To do so, I integrated with the configuration of the extension point of this feature in NServiceBus. I first created a class to hold all of the configuration settings (just one for now):
public class InstrumentationOptions
{
public bool CaptureMessageBody { get; set; }
}
Next, I had my Activity enrichment class take the settings as a constructor argument:
internal class SettingsActivityEnricher : IActivityEnricher
{
private readonly ReadOnlySettings _settings;
private readonly InstrumentationOptions _options;
public SettingsActivityEnricher(ReadOnlySettings settings)
{
_settings = settings;
_options = settings.Get<InstrumentationOptions>();
}
Now when I enrich the Activity
, I'll also look at these settings:
if (activity.IsAllDataRequested
&& _options.CaptureMessageBody)
{
activity.AddTag("messaging.message_payload", Encoding.UTF8.GetString(context.Message.Body));
}
Then when I register the NServiceBus behavior, I'll look for these settings:
public DiagnosticsFeature()
{
Defaults(settings => settings.SetDefault<InstrumentationOptions>(new InstrumentationOptions
{
CaptureMessageBody = false
}));
EnableByDefault();
}
protected override void Setup(FeatureConfigurationContext context)
{
var activityEnricher = new SettingsActivityEnricher(context.Settings);
context.Pipeline.Register(new IncomingPhysicalMessageDiagnostics(activityEnricher), "Parses incoming W3C trace information from incoming messages.");
context.Pipeline.Register(new OutgoingPhysicalMessageDiagnostics(activityEnricher), "Appends W3C trace information to outgoing messages.");
All this code is very specific to NServiceBus, so for any custom diagnostics, they'll need to plug in to whatever extensibility model that exists for the middleware they're building.

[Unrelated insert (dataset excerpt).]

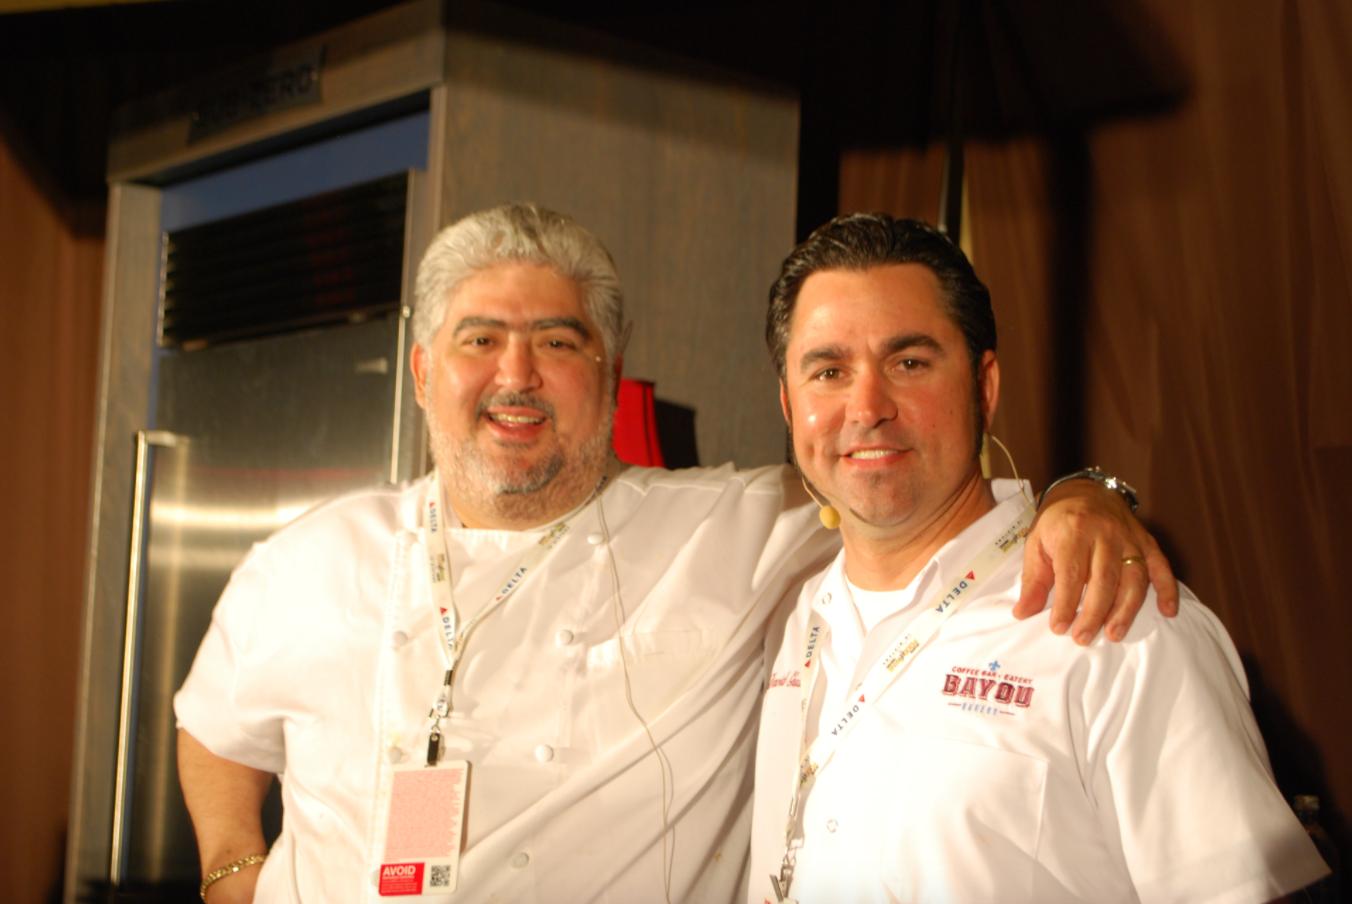 Chefs Adolfo Garcia & David Guas at the 2013 Atlanta Food & Wine Festival

For MongoDB for example, I had a direct constructor:
var clientSettings = MongoClientSettings.FromUrl(mongoUrl);
var options = new InstrumentationOptions { CaptureCommandText = true };
clientSettings.ClusterConfigurator = cb => cb.Subscribe(new DiagnosticsActivityEventSubscriber(options));
var mongoClient = new MongoClient(clientSettings);
With all this in place, now I just needed to integrate with OpenTelemetry (though this is really optional).
OpenTelemetry Integration
Now that OpenTelemetry and System.Diagnostics.DiagnosticSource are more aligned, registering and listening to activities in OpenTelemetry is as simple as registering a source:
services.AddOpenTelemetryTracing(builder => builder
.AddAspNetCoreInstrumentation()
.AddSqlClientInstrumentation(opt => opt.SetTextCommandContent = true)

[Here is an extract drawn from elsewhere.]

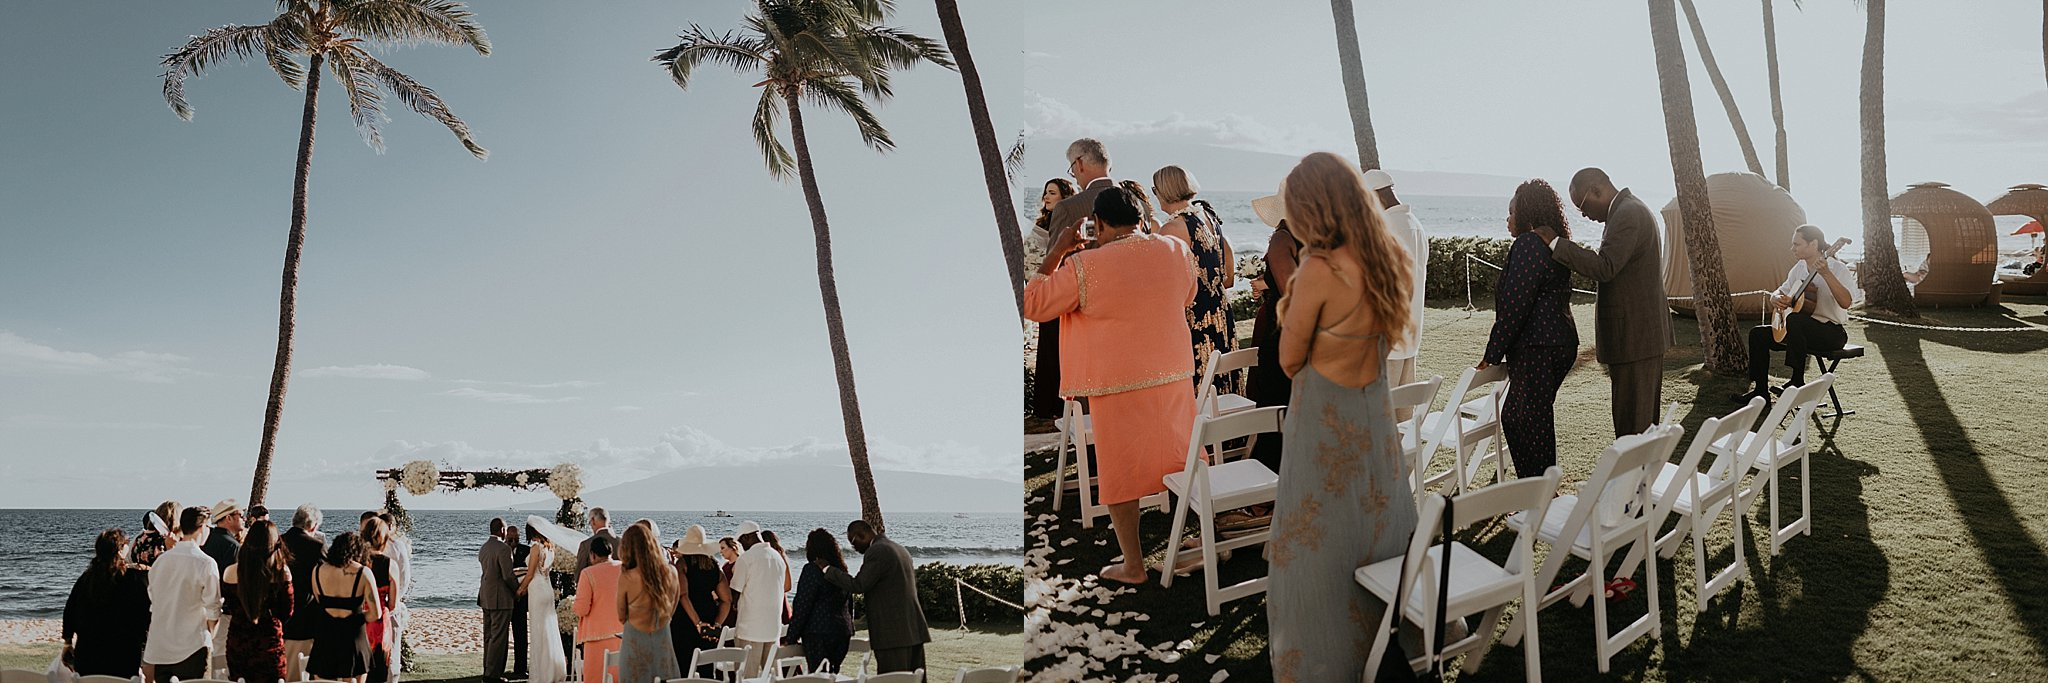 samantha_mcfarlen_bellingham_washington_engagement_photography_seattle_wedding_photographer_0214.jpg

.AddSource("NServiceBus.Extensions.Diagnostics")
.AddZipkinExporter(o =>
{
o.Endpoint = new Uri("http://localhost:9411/api/v2/spans");
o.ServiceName = Program.EndpointName;
})
Or, to make things a little easier, I created a tiny little package, the old NServiceBus.Extensions.Diagnostics.OpenTelemetry
one that wraps that one line:
public static class TracerProviderBuilderExtensions
{
public static TracerProviderBuilder AddNServiceBusInstrumentation(this TracerProviderBuilder builder)
=> builder.AddSource("NServiceBus.Extensions.Diagnostics");
}
It's not required, but at this point, this is all we need to bridge ActivitySource
-enabled telemetry with OpenTelemetry.
So that's all for now - OpenTelemetry marches to 1.0, and once it does, I'll update my end-to-end example (it's on the RC now).